One feature I like in PHP is the use of the dot (.) for concatenation. We've already loaded up that character quite a bit here in Arc, with its use in conses, rest parameters and for the ssyntax `a.b` => `(a b)`. But concatentation is at least vaguely isomorphic to consing. I wonder...
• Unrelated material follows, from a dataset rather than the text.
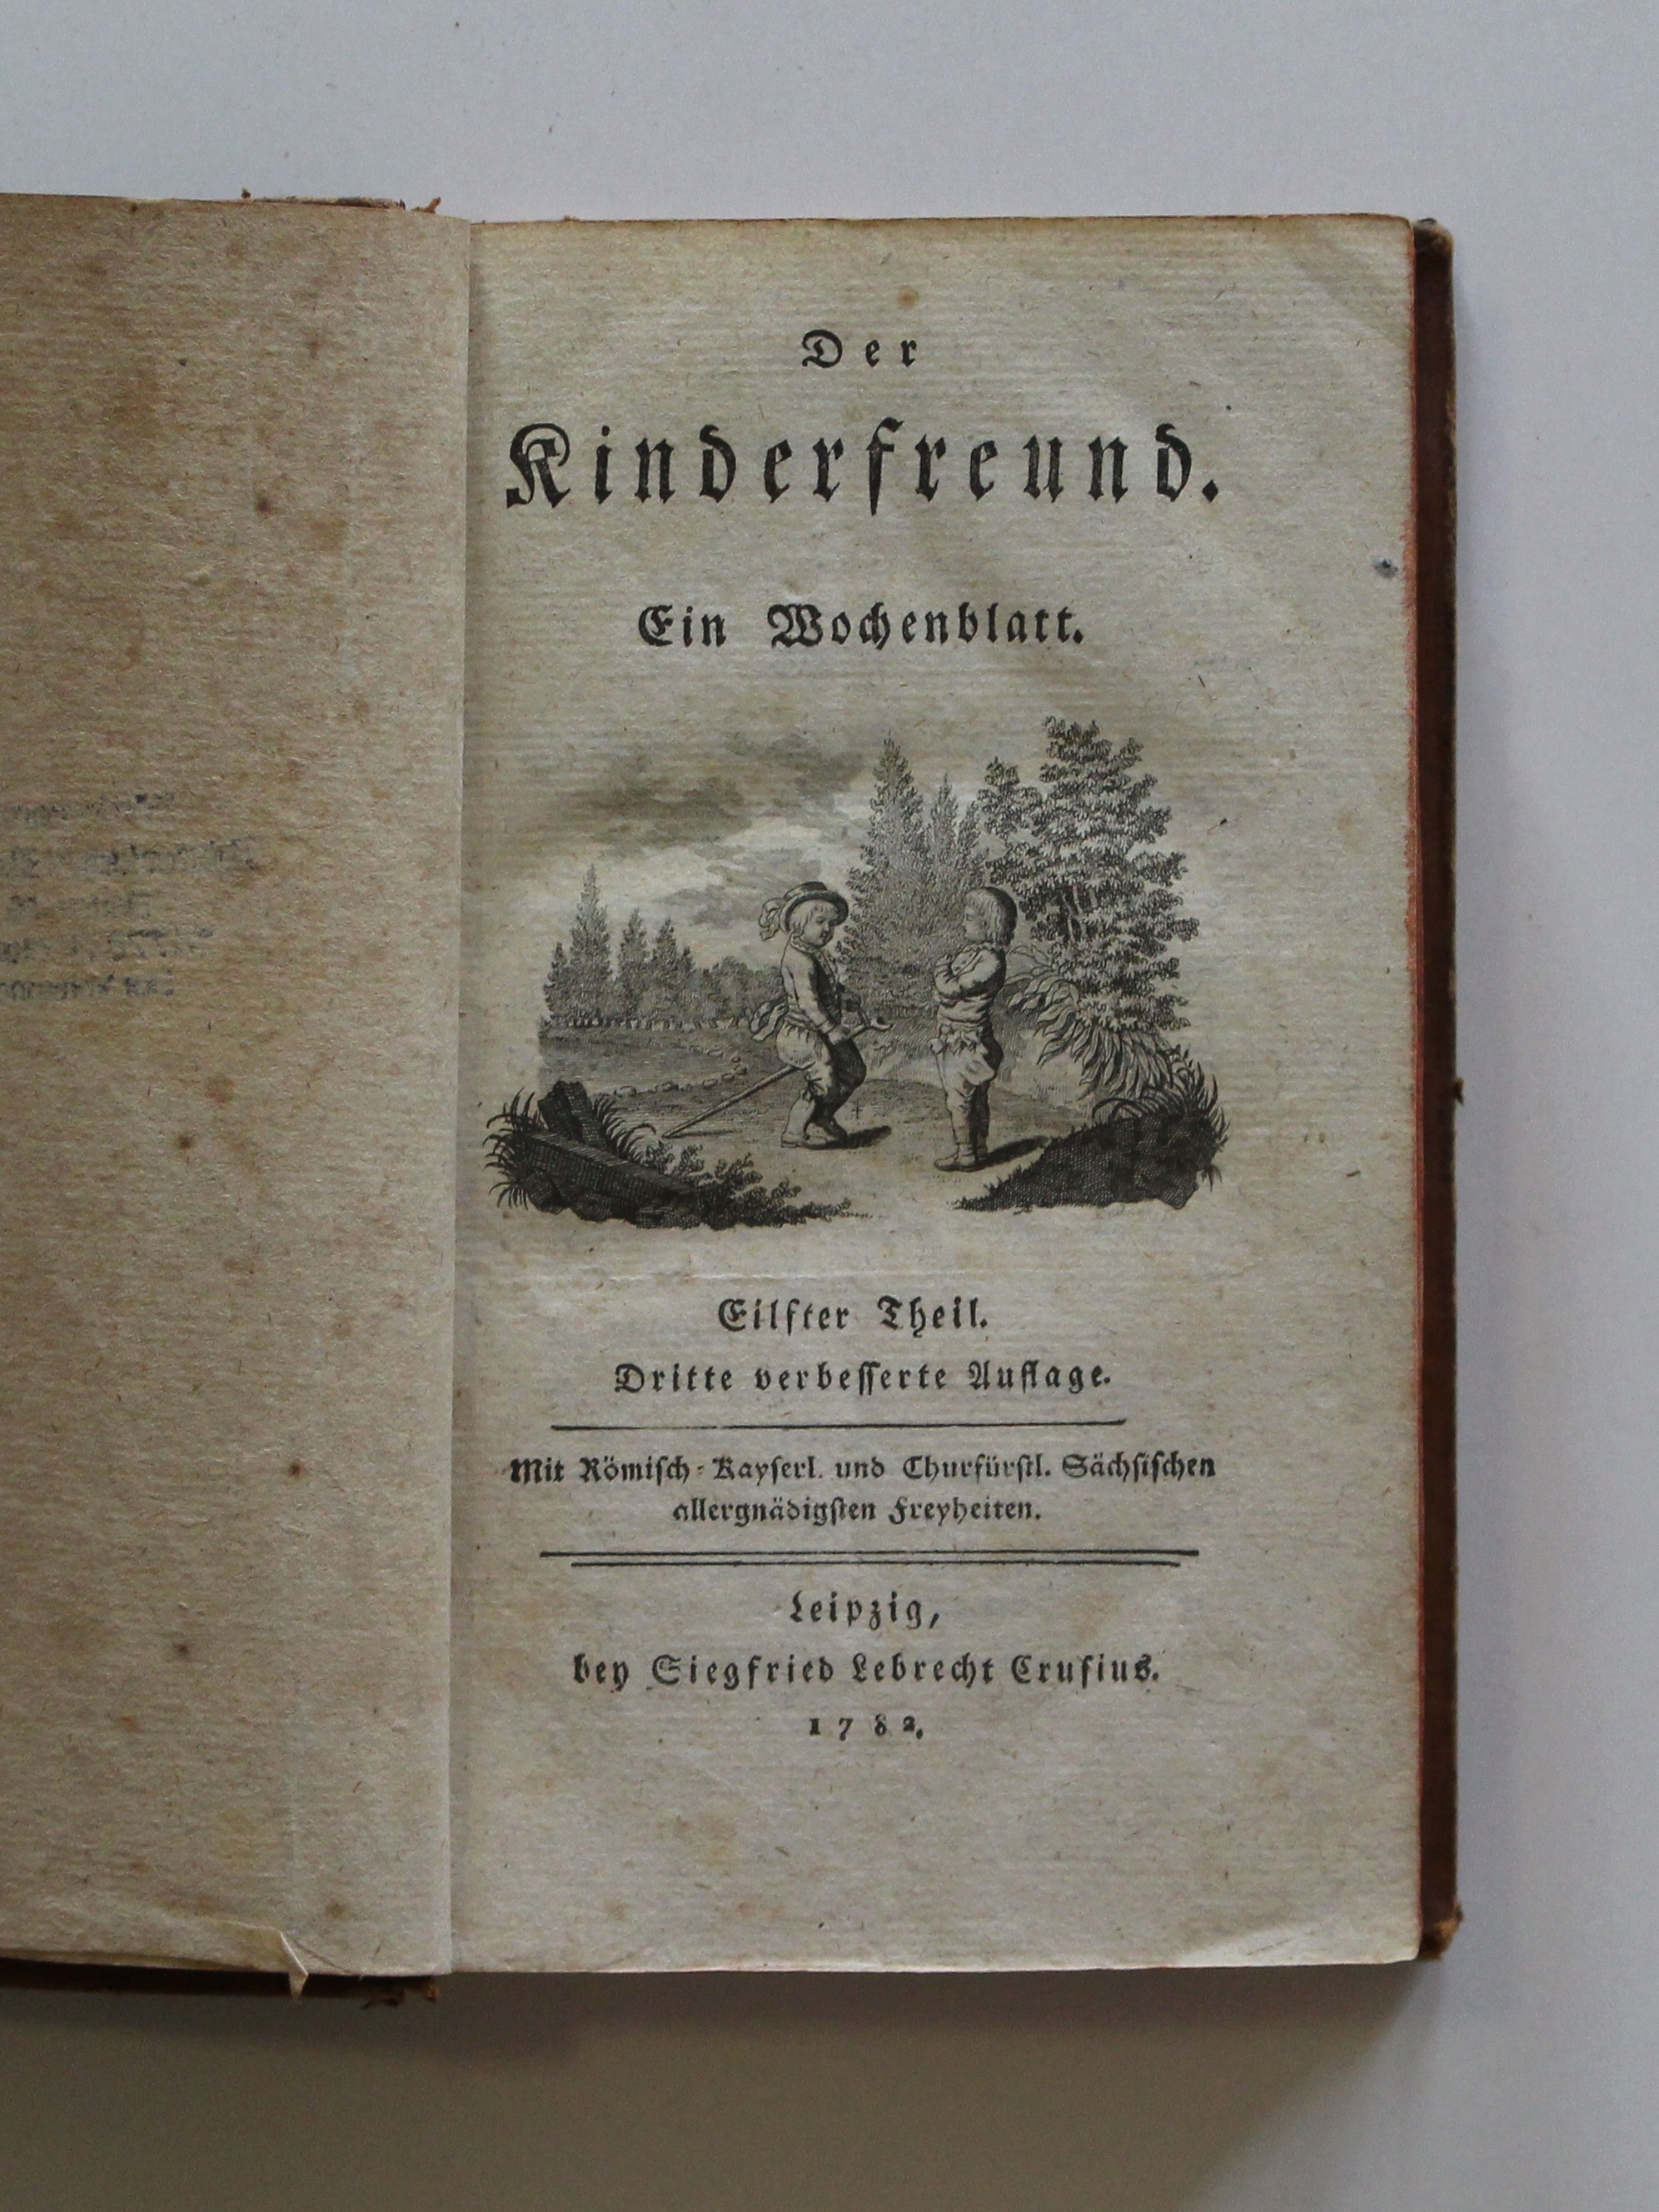 Rochow, Friedrich Eberhard von. Der Kinderfreund. Ein Wochenblatt. Elfter Theil. Zwölfter Theil. Leipzig, 1782 (Reckahner Museen CC BY-NC-SA)

Probably not. `+` is your best bet, IMHO.

-----

1 point by akkartik 5137 days ago | link

I should mention, just for completeness, that haskell uses ++.

-----

1 point by evanrmurphy 5137 days ago | link

Didn't know that. Could you give a quick example?

-----

2 points by akkartik 5137 days ago | link

In haskell you can designate any sequence of characters as an infix operator. Here's the definition of ++ from the prelude (http://www.haskell.org/onlinereport/standard-prelude.html):

  (++) :: [a] -> [a] -> [a]
  []     ++ ys = ys
  (x:xs) ++ ys = x : (xs ++ ys)
so [1, 2, 3] ++ [4, 5] = [1, 2, 3, 4, 5]

-----

1 point by akkartik 5138 days ago | link

:) I'm convinced.

"if we can reason about something in terms of two pieces it has, it makes sense for our reasoning system to support arbitrary pairs rather than just the special case of rational numbers. Those pairs can be built up into linked lists."

Perhaps lists are continued fractions? :)

-----